University of Cambridge, UK

Sir Shankar Balasubramanian is the Herchel Smith Professor of Medicinal Chemistry at the University of Cambridge and senior group leader at Cancer Research UK’s Cambridge Institute. He works on the chemistry, structure and function of nucleic acids.

He is a co-inventor (with Sir David Klenerman) of the leading next generation DNA sequencing methodology, Solexa sequencing (now Illumina) that has made routine, accurate, low-cost sequencing of human genomes a reality and has revolutionised biology. He has invented chemistry to decode several modified (epigenetic) DNA bases and DNA secondary structures (G-quadruplexes) in the genome and has made seminal contributions towards the understanding of their dynamics and function. His work on small molecule recognition of nucleic acids has revealed molecular mechanisms that can be exploited to modulate the biology of cancer. His collective contributions span fundamental chemistry and its application to the biological and medical sciences.

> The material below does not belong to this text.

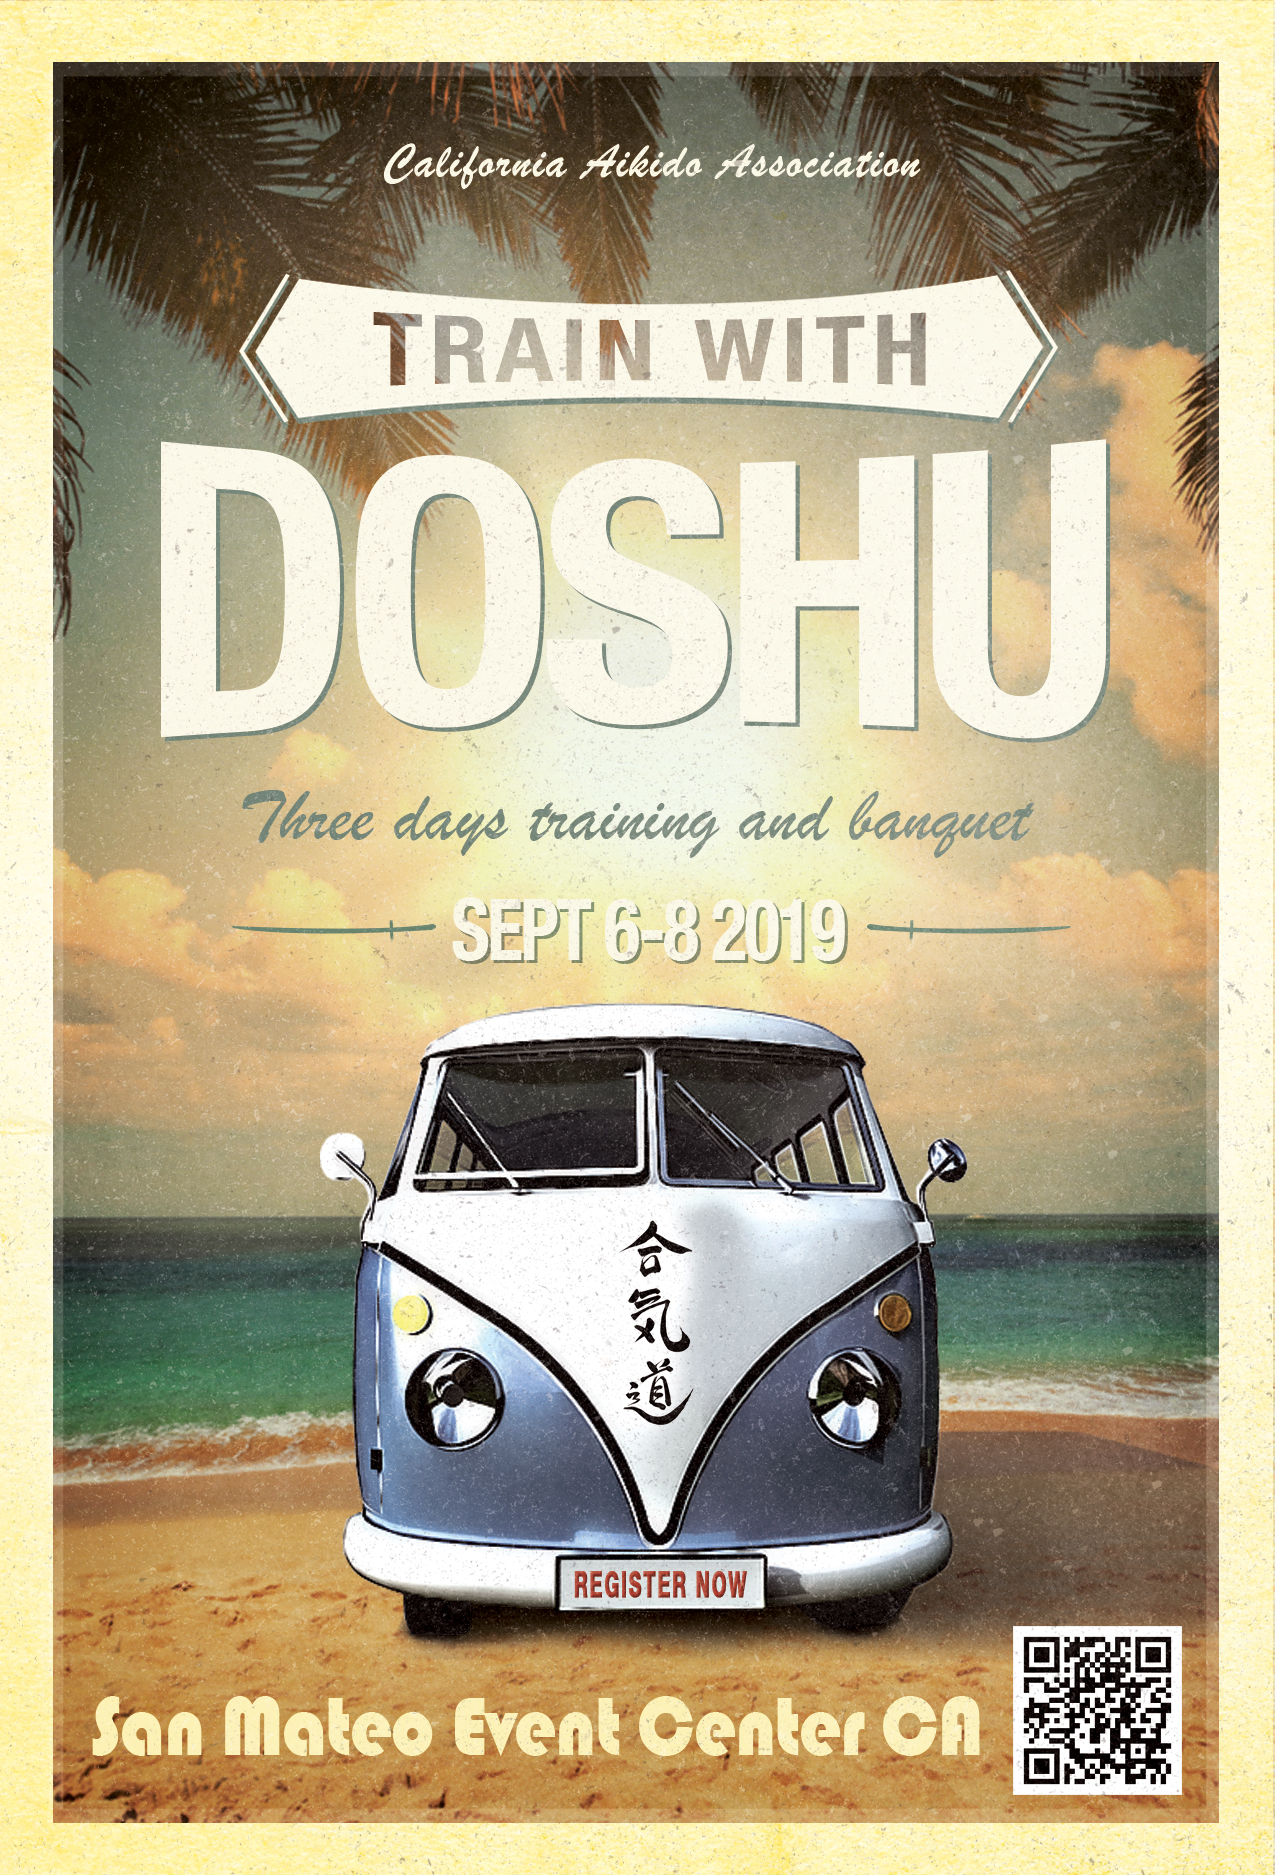 DOSHU FLYER 2019 FINAL.jpg

Sir Shankar was knighted in the Queen’s New Year’s Honours in 2017 for his services to science and medicine and awarded the Royal Society’s Royal Medal in 2018. In 2021, he was awarded the 2020 Millennium Technology Prize jointly with Sir David Klenerman and the 2022 Breakthrough Prize for Life Sciences jointly with Sir David Klenerman and Pascal Mayer for their work on sequencing technologies. In 2023, he was elected as an international member of the National Academy of Sciences.